HAV Group (HAV) reported another strong quarterly results. I enclose below a summary from Fearnley report today. I also include a brief summary of Kyoto Group capital market day. Finally, I enclose Pareto take on Bioinvent short term opportunity. Pareto analyst is very bullish Bioinvent, so we are.

Top ideas from Fearnley Energy conference 24/11/21:

In the introduction, Fearnley analysts presented a few top ideas – interesting investment cases that presented in the conference. The below were mentioned:

  • Scatec Solar – analysts likes Scatec diversification into hydro. Buy with PT 195
  • Kyoto Group – thermal energy batteries producer, that last week announced its first sales. Buy with PT 90
  • Acer Carbon Capture – sell recommendation due to recent high price appreciation – it now trades at 4 times 2025 sales.
  • Technip Energies – trading at cheap multiples. PT 21 EURO. Trades at 9xP/E. Similar companies trade at 15x P/E. It is a doubling candidate.

HAV Q3 Report – Fearnley securities summary:

The bold emphasis added.

HAV Group (Buy, TP NOK 25)

All in all, a solid report from HAV this morning, with continued strong cash flow and hiked margin guidance. HAV reported 3q21 revenues of NOK 81m, which is down from NOK 304m last quarter and well below our NOK 147m estimate with the drop largely due to less trading. EBITDA was NOK 14.5m, in-line with FSest. NOK 14m. Else, we note continued strong cash flows with YTD FCF of NOK 229m (incl. NOK 162m in WC movements), which increased HAV’s cash position to NOK 406m from NOK 334m last quarter. Notably, HAV has managed to increase its cash position by NOK >370m YTD. External backlog now totals NOK 542m, which is up from NOK 468m last quarter providing strong visibility going forward. The increase follows strong orders in NES and NGT, partly offset by a drop in HAV Design.

On the outlook, HAV sees continued strong fundamentals for maritime cleantech. Further, HAV maintains the NOK 850-950m revenue target, which is in-line with FSest. NOK 905m.

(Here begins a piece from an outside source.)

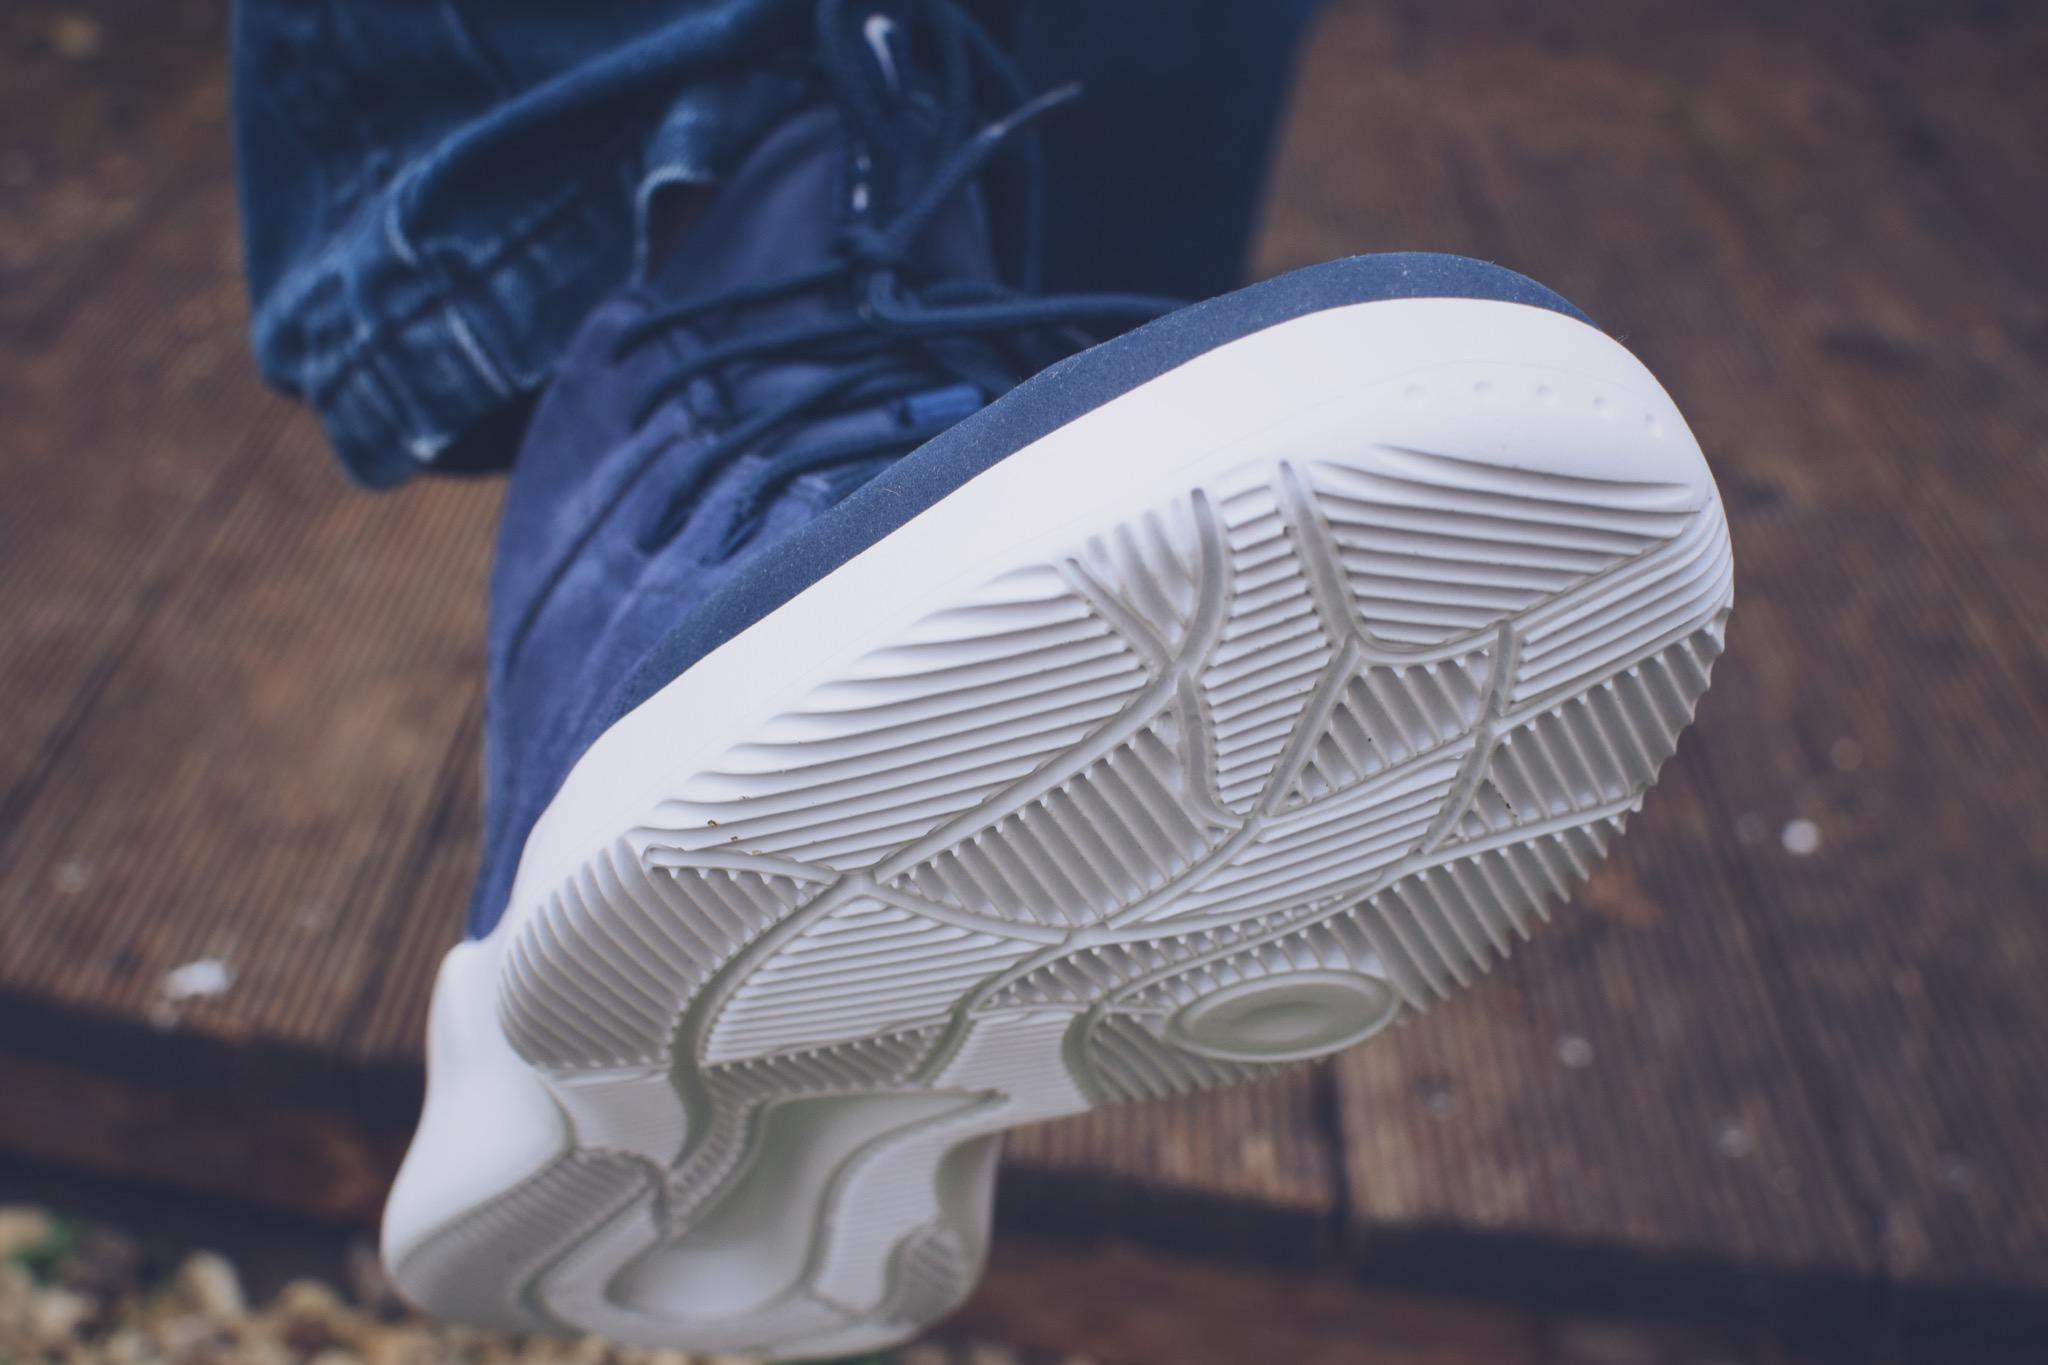 Nike_Hyperfuse_Foot_Locker_0170
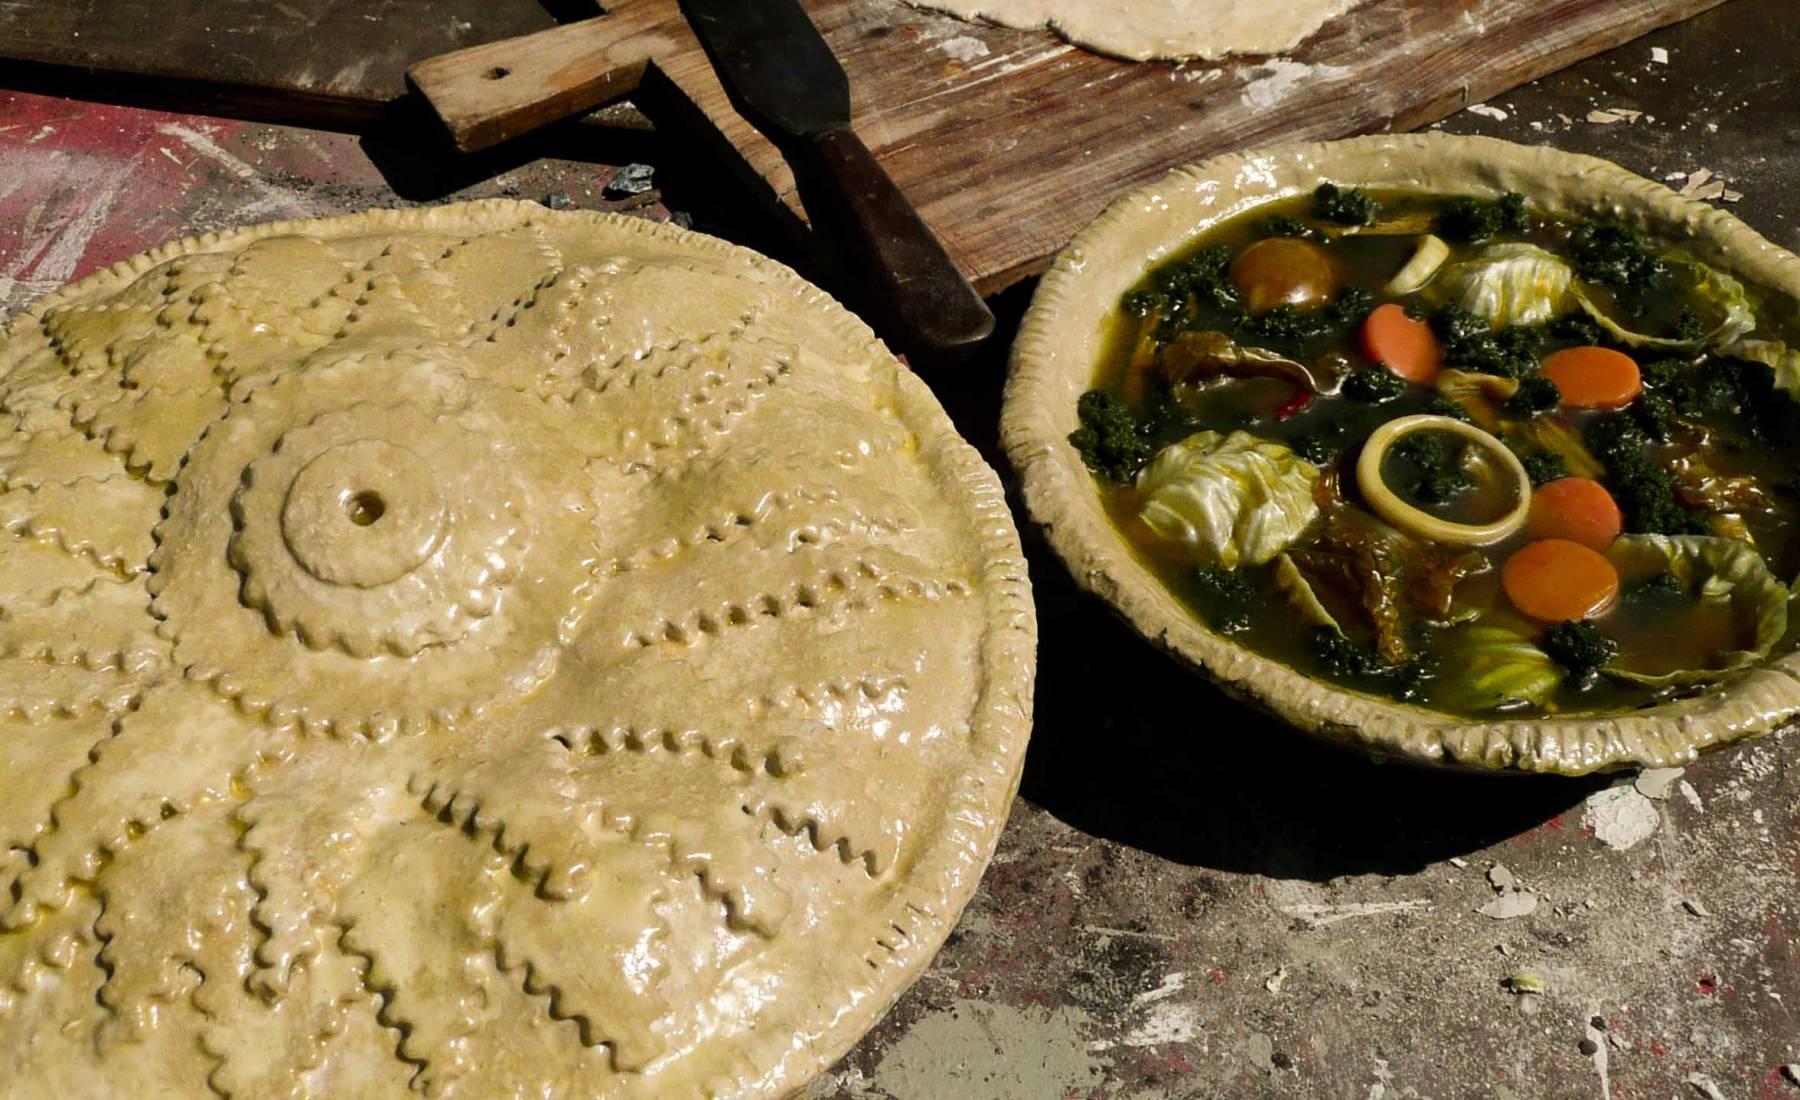 pies, pastry, uncooked, vegetable, chicken, gravy, s.s. Great Britain galley kitchen, feast, dinner, banquet

However, with a YTD EBIT of NOK 67m, HAV expects the full-year EBIT margin to be in-line with YTD 3q21, meaning roughly 10% vs. previous guiding at c. 7%. As such, we expect to see strong numbers coming out of 4q21. Note, at the midpoint, this implies NOK 207m in revenues for 4q21 and NOK 20m in EBIT to bring full-year EBIT in-line with YTD margins. This compares to FSest. NOK 12m in EBIT for 4q21, and we thus see some 11% upside on our FY’21 EBIT estimate.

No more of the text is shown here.